Tesla Turmoil Means Make-or-Break Moment for EV Charging

Dow Jones05-12

The EV charging industry faces a make-or-break moment.

Tesla rattled the U.S. charging industry in late April with deep cuts to the team that created the country's most successful charging network. Since then, comments by Chief Executive Elon Musk have left other charging companies scratching their heads about Tesla's plans.

Immediately after the layoffs, Musk tweeted that Tesla would build Superchargers, the web of fast chargers that enable cross-country road trips, at a slower pace for new locations. Then on Friday he took to his social-media site, X, to say: "Tesla will spend well over $500M expanding our Supercharger network to create thousands of NEW chargers this year."

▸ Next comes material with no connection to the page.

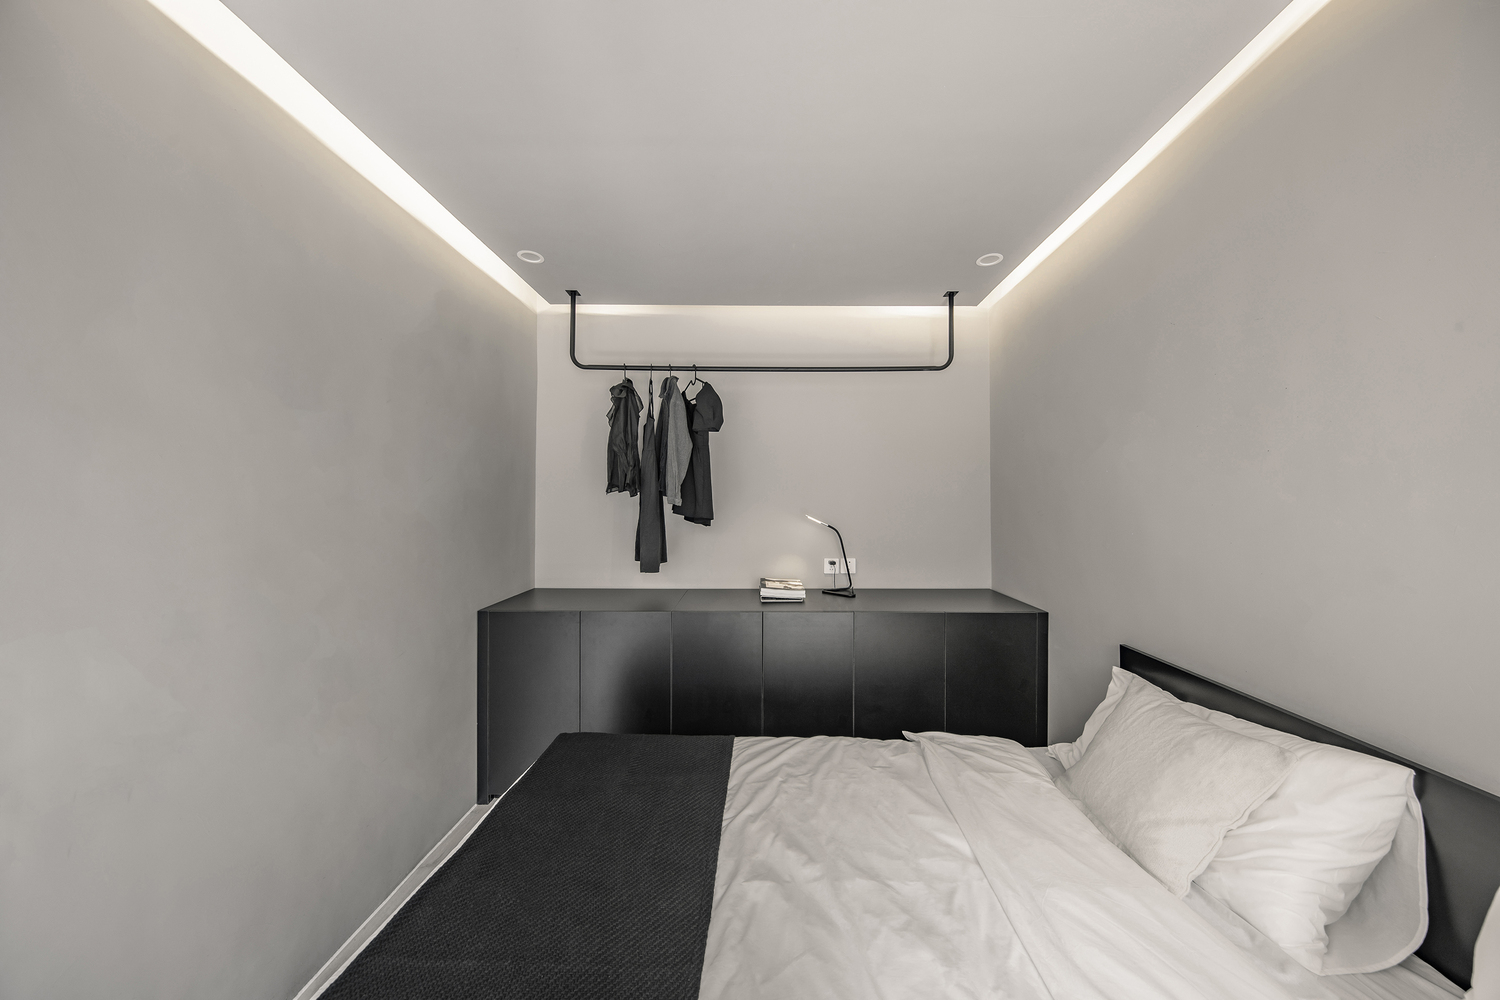 Nội thất phòng ngủ tối giản với gam màu đen - trắng cá tính.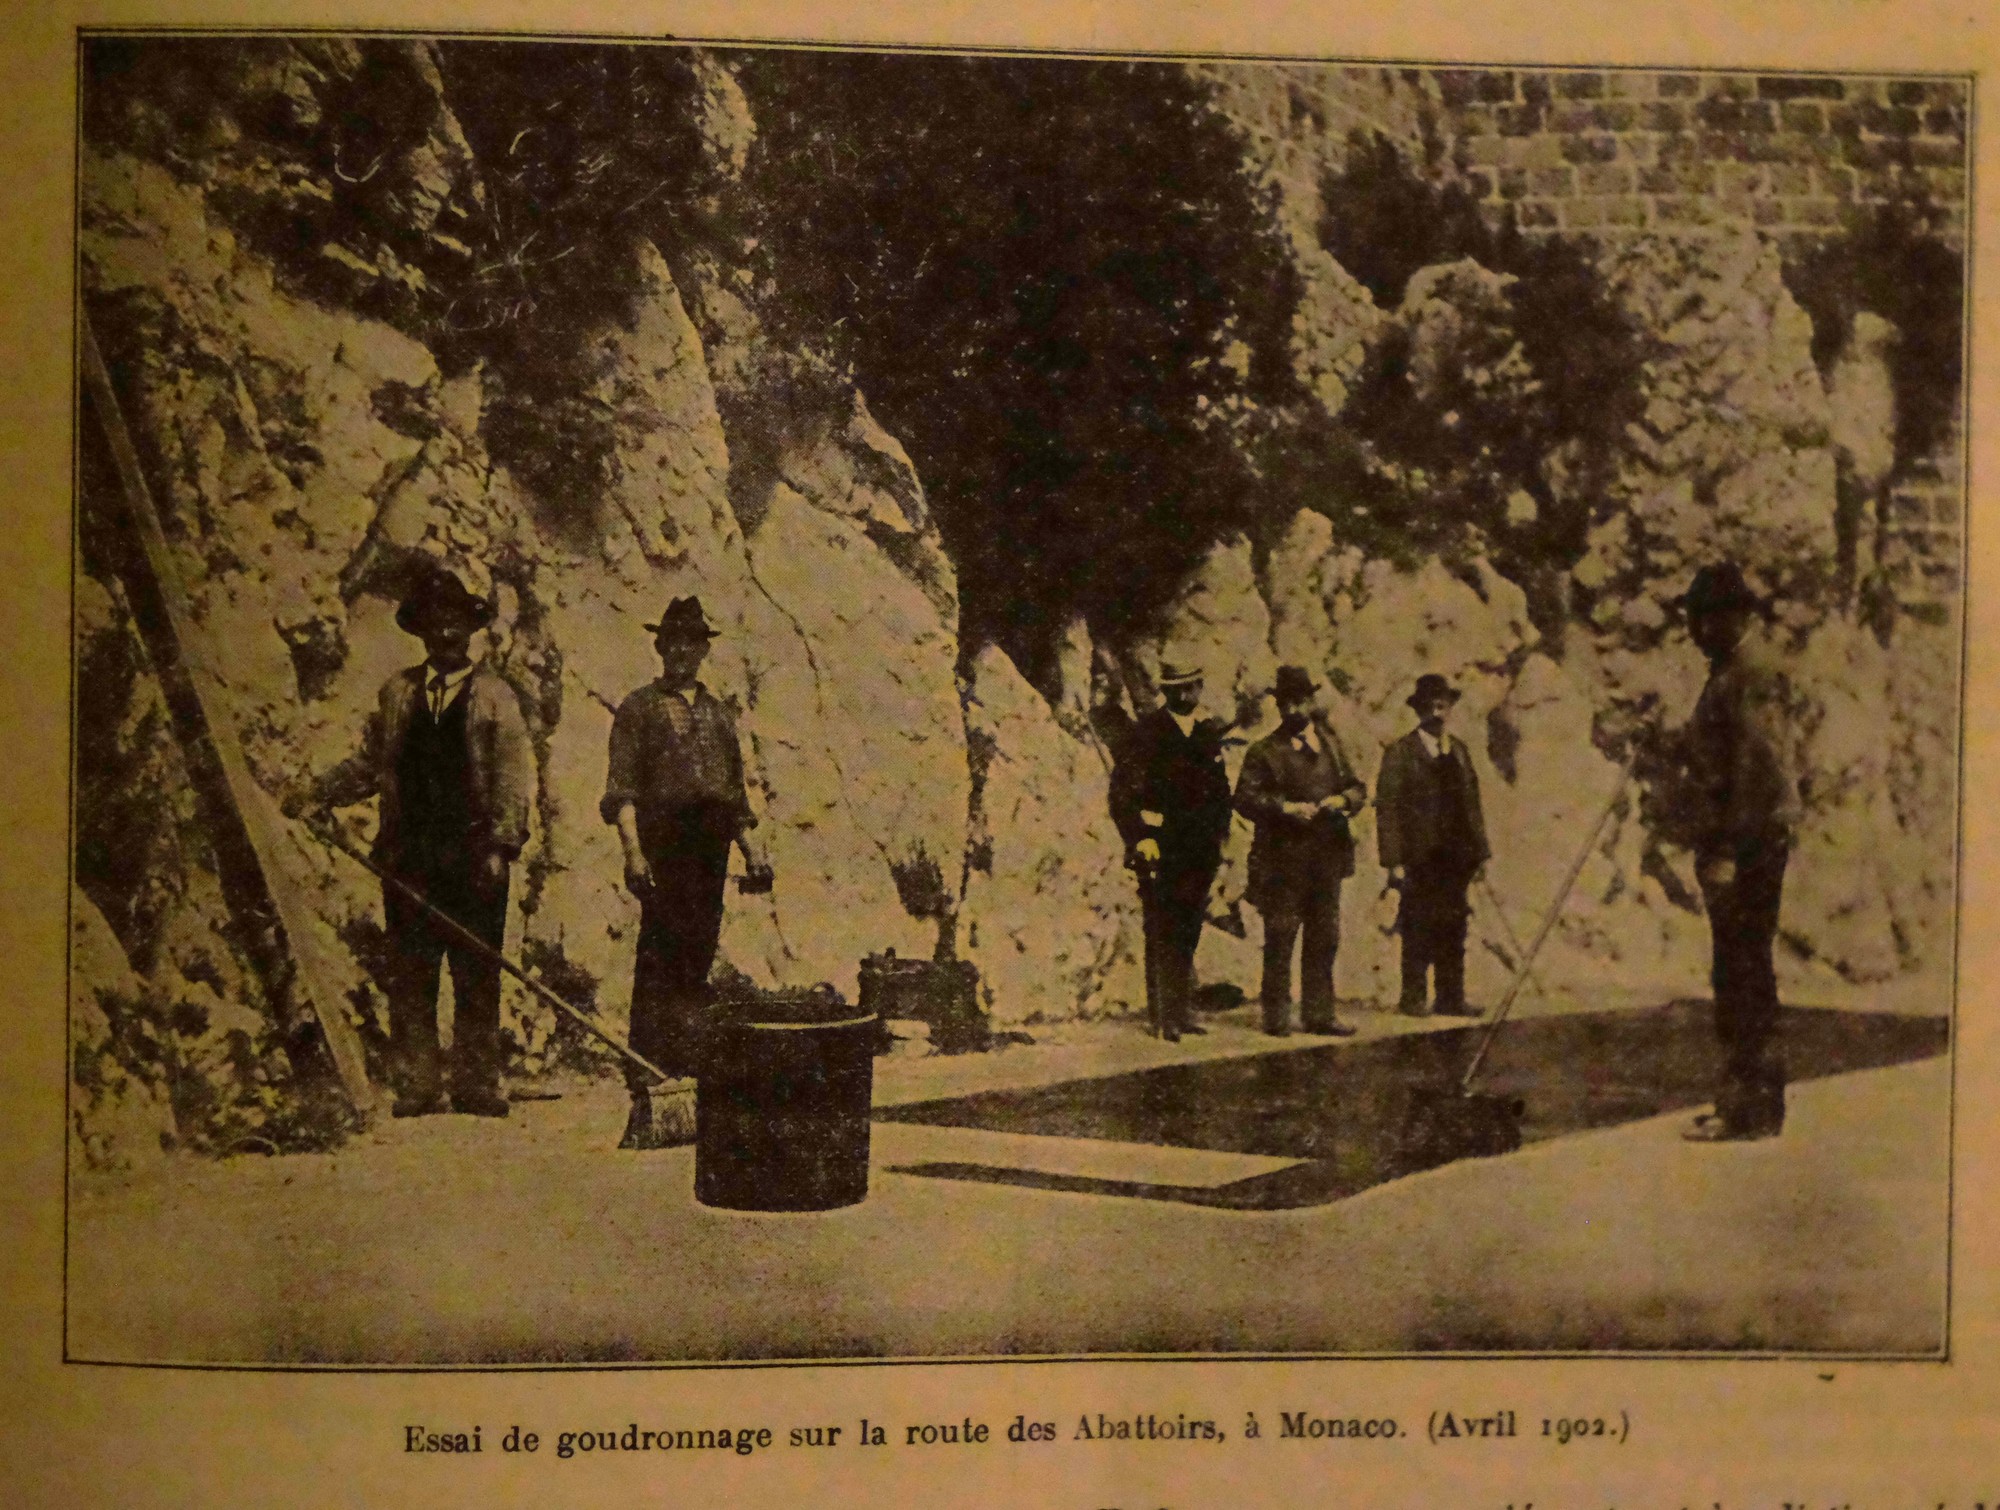 Essai de goudronnage à Monaco (1902)

Any shift in Tesla's rapid building pace opens up a massive opportunity, though there is no obvious No. 2 in the race to build a U.S. highway network.

Companies from Walmart to Mercedes to BP to a consortium of carmakers have made bold promises to build their own fast-charging networks across the U.S. Billions of dollars are pledged, but so far no one has built anything close to what Tesla has created.

The turmoil comes at a key moment with companies competing for the first awards for more than $5 billion in public funding from the 2021 federal infrastructure law to increase the availability of highway chargers.

Walmart says it will leverage its massive real-estate portfolio to launch its own fast-charging network at thousands of U.S. locations by 2030. For now, it offers chargers from third-party providers at 280 stores.

Ionna, a $1 billion joint venture of seven automakers -- BMW, General Motors, Honda, Hyundai, Kia, Mercedes-Benz and Stellantis -- set a 30,000-charger target for North America. It received federal regulatory approval in February but hasn't opened a site yet and is still hiring staff.

"It's the wild west out there," said Bill Ferro, co-founder and chief technology officer at Paren, a software company focused on EV charging reliability. "Anybody and everybody is trying to put EV charging stations in place."

Tesla stunned the nascent charging industry with a massive layoff in its Supercharger group. It was adding new locations at a rapid clip and has started opening its well-regarded web of fast chargers to other kinds of vehicles. Many viewed it as a solution to the country's charging conundrum.

Tesla has also scooped up about $29 million in public funding at 69 sites, more locations for the federal highway network than any other company, according to data from the firm EVAdoption.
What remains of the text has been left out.